> **YOUR ASSIGNMENT**
Look below for the line containing "Formax F6 burger" and the line containing "Chinatown Market Call My Lawyer Act Now Tee", then set down both and every line between them exactly, without pictures.

> **RECORDS FOR THE EXERCISE**
------------

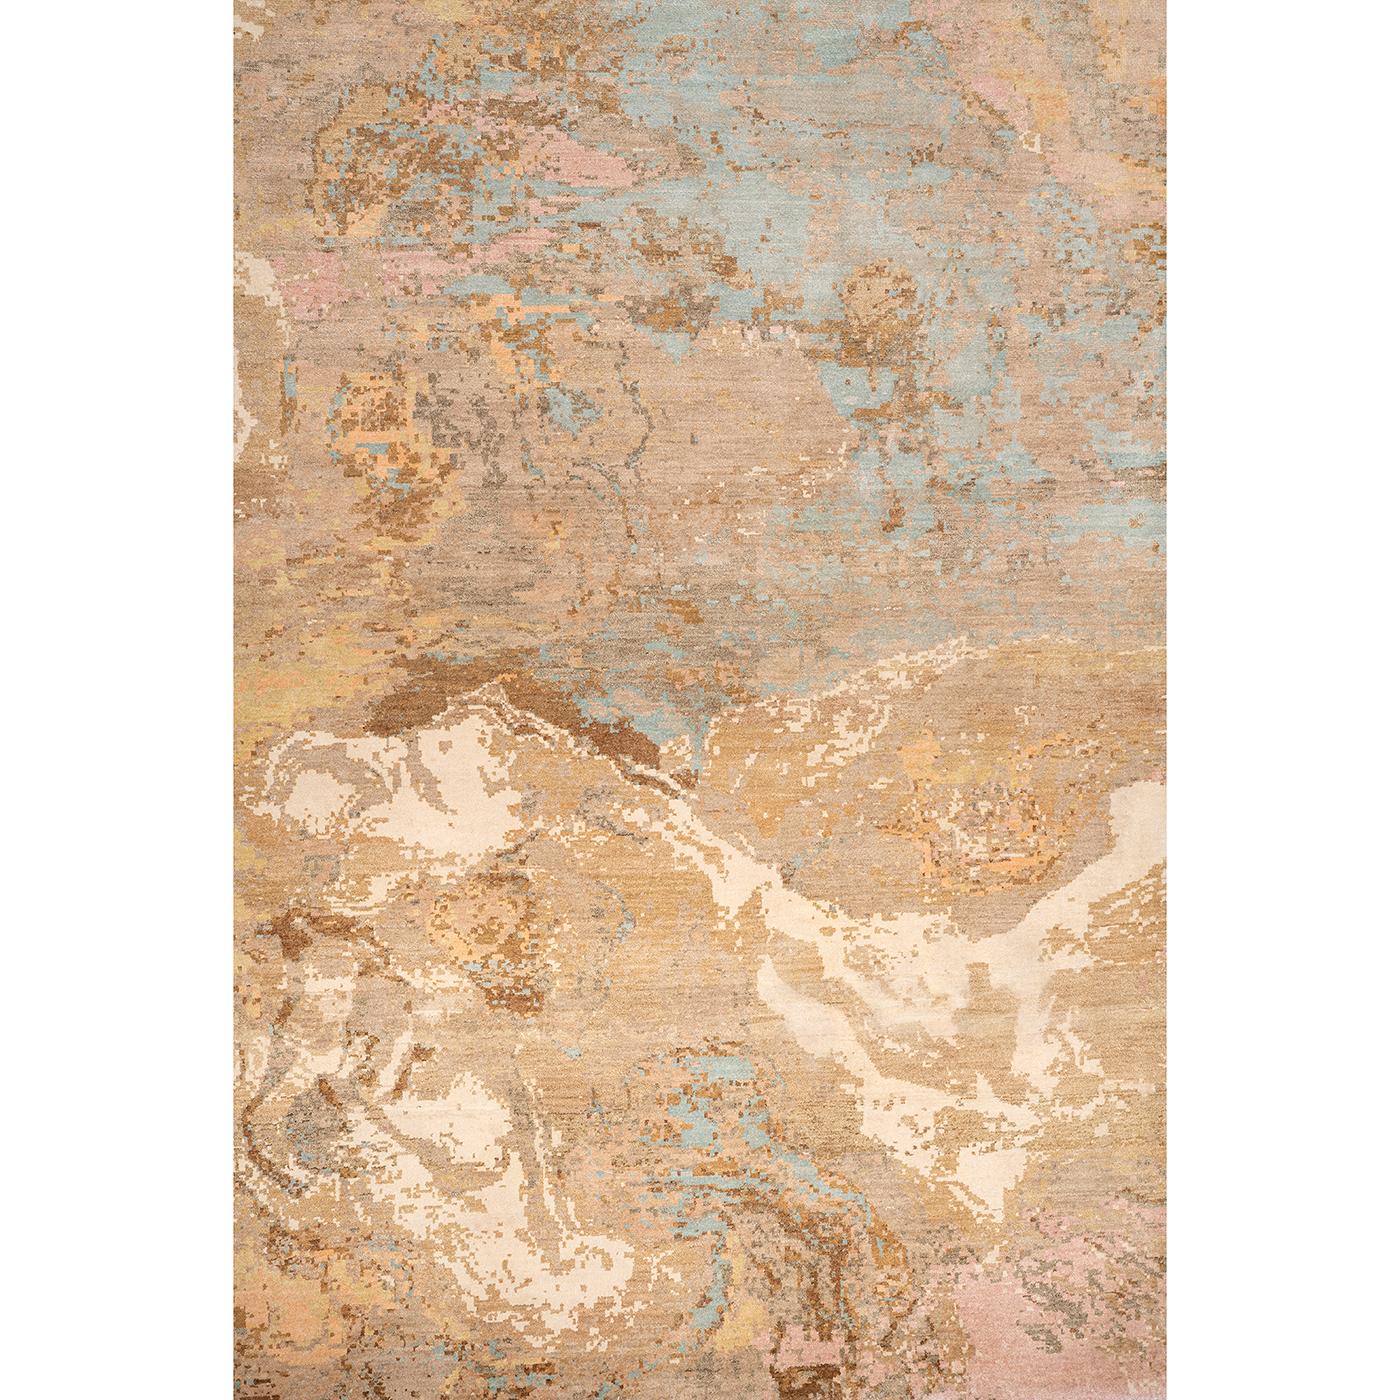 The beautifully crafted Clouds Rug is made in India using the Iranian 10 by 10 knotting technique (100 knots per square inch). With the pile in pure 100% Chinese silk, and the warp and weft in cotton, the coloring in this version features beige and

------------

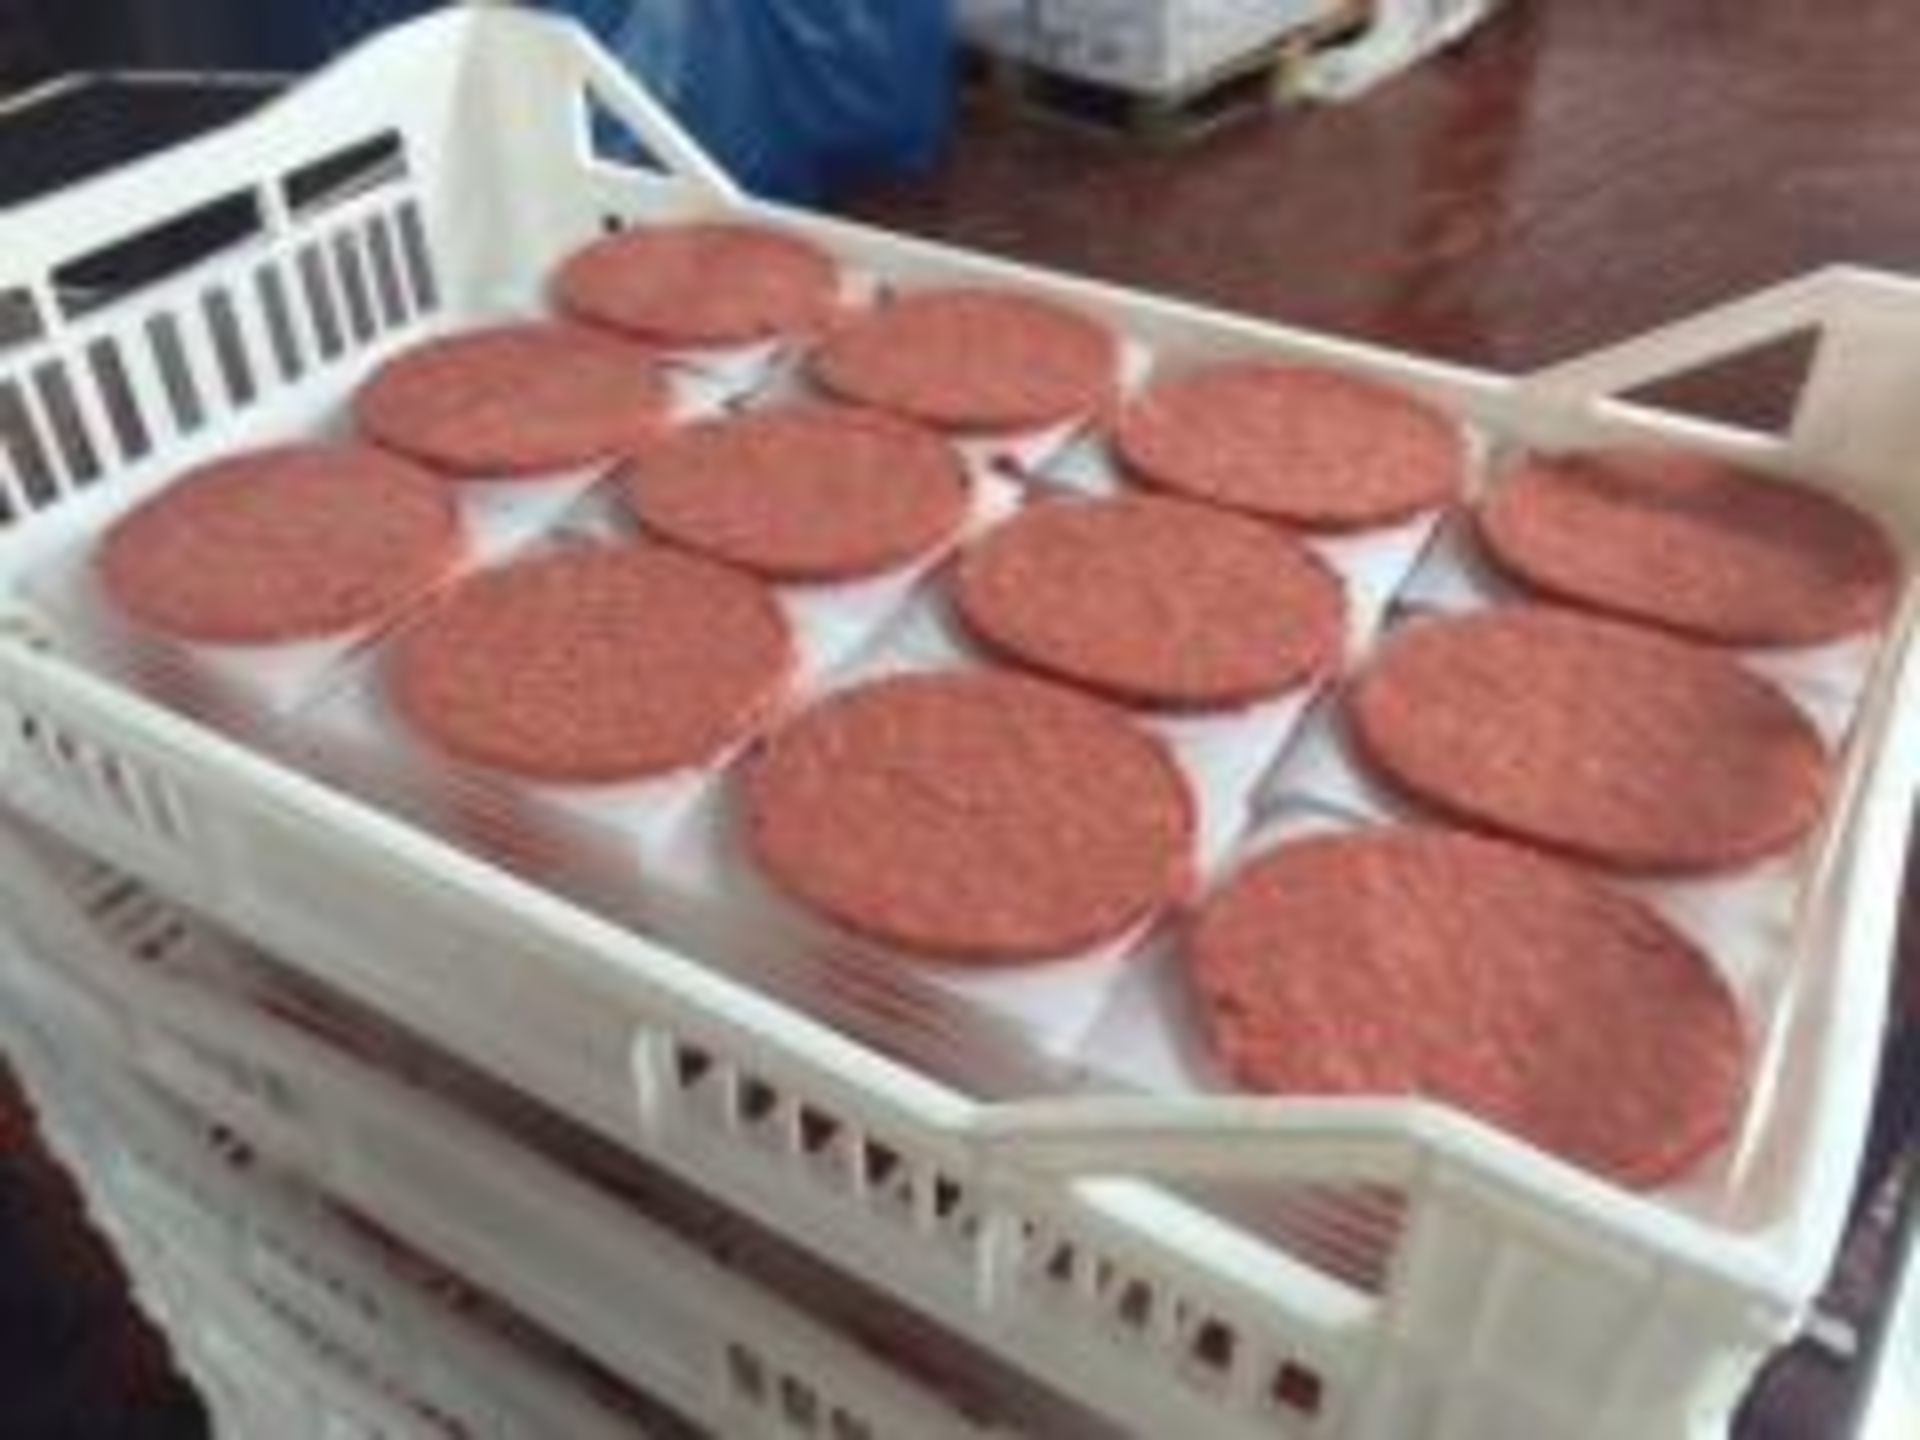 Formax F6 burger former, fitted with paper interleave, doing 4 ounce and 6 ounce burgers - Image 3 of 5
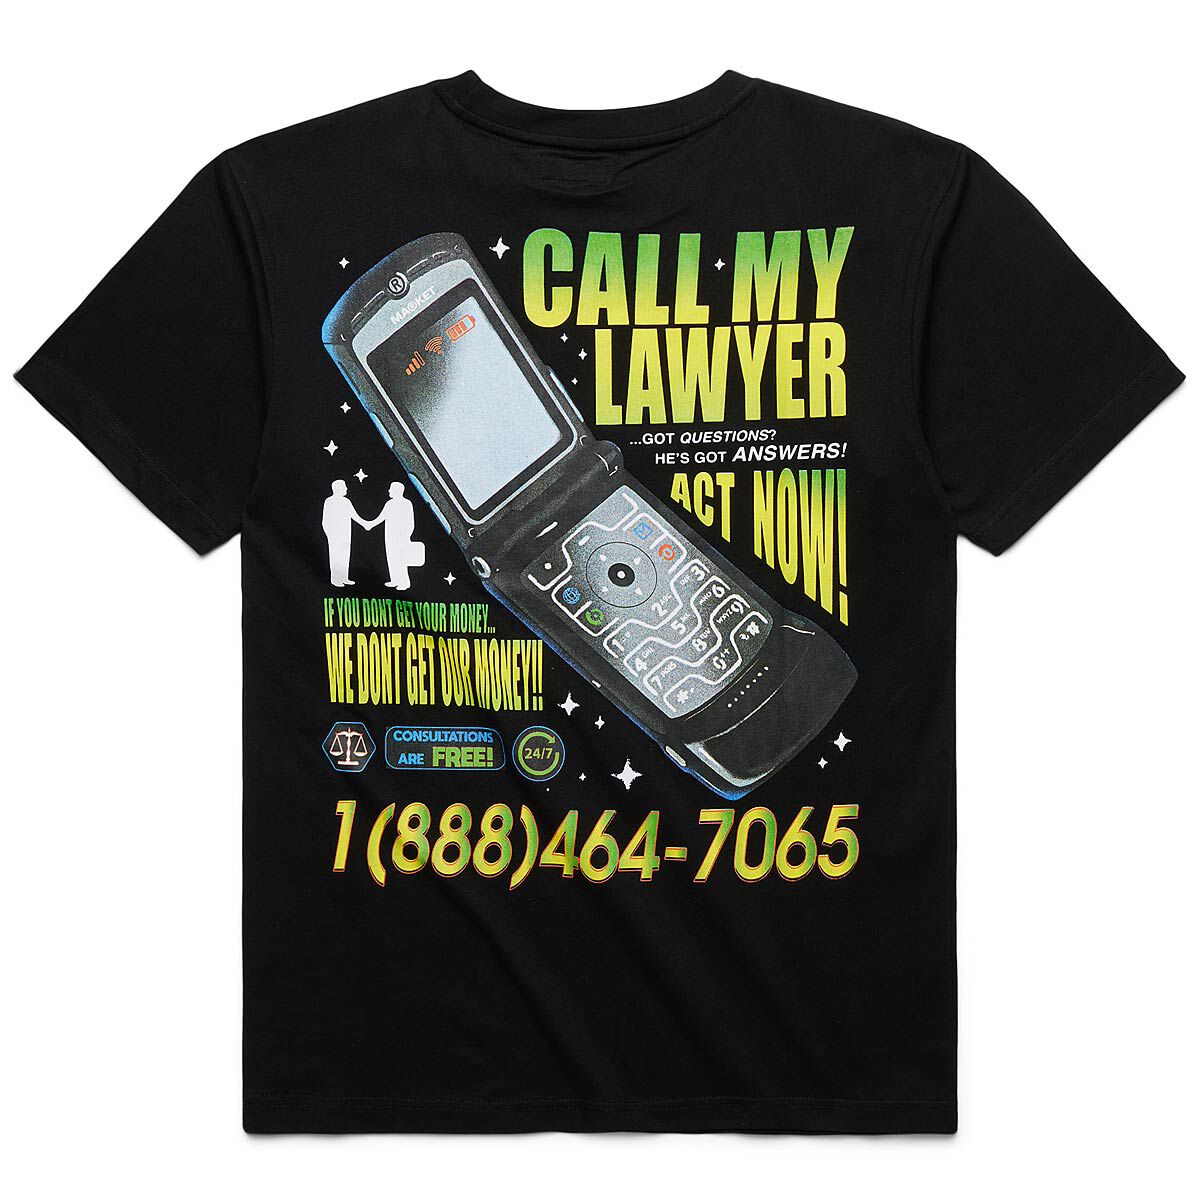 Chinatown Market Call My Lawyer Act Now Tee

------------

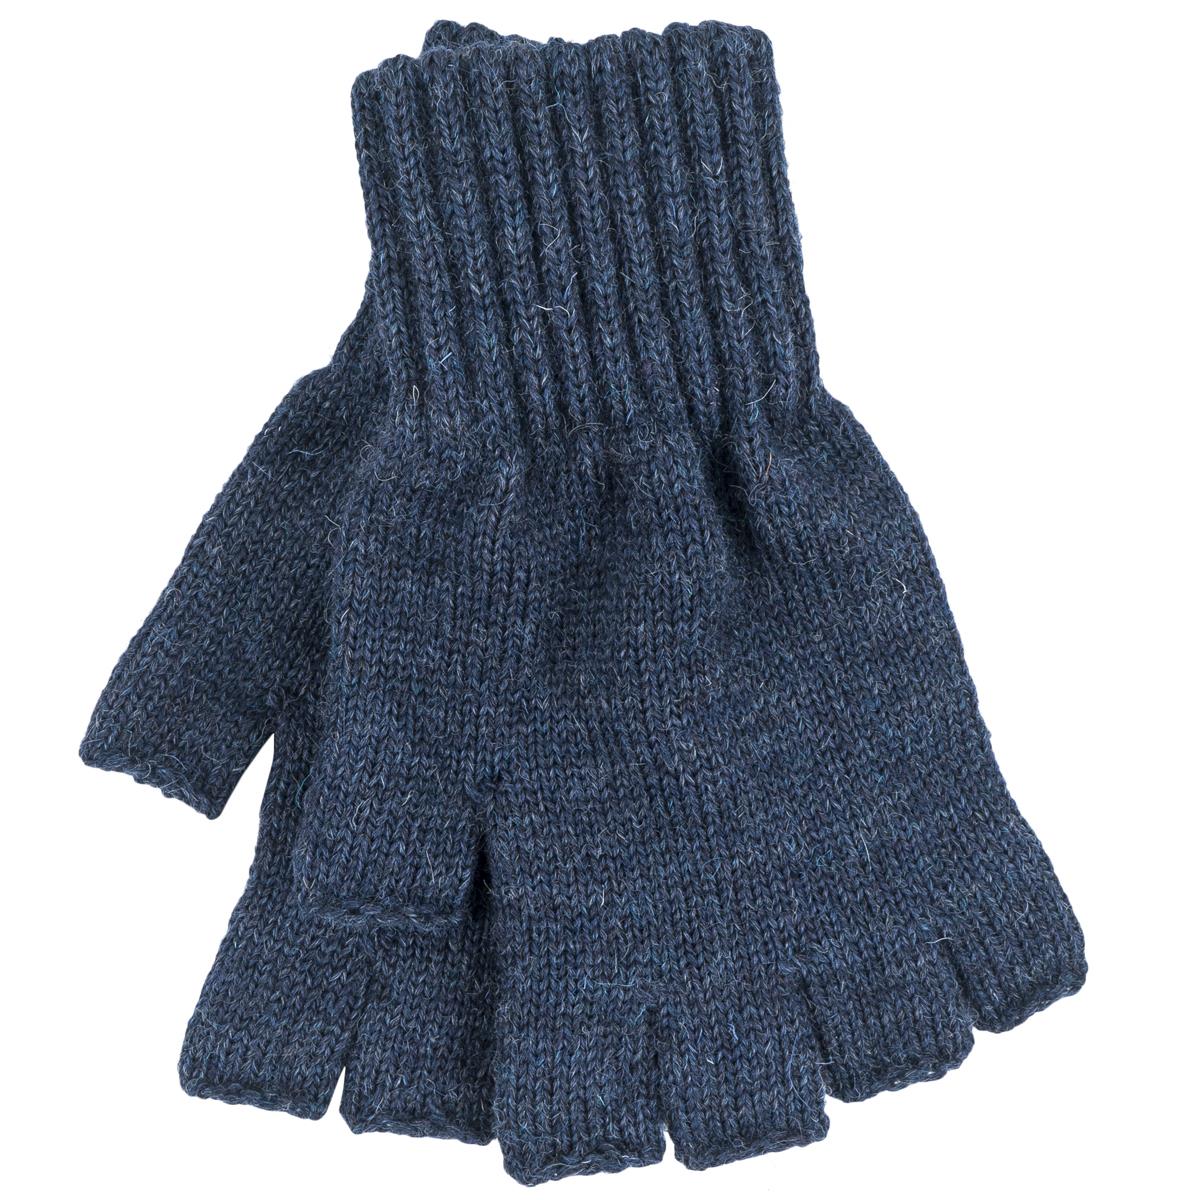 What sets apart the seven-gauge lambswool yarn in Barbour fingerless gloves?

------------

> **YOUR RESPONSE**
 Formax F6 burger former, fitted with paper interleave, doing 4 ounce and 6 ounce burgers - Image 3 of 5
 Chinatown Market Call My Lawyer Act Now Tee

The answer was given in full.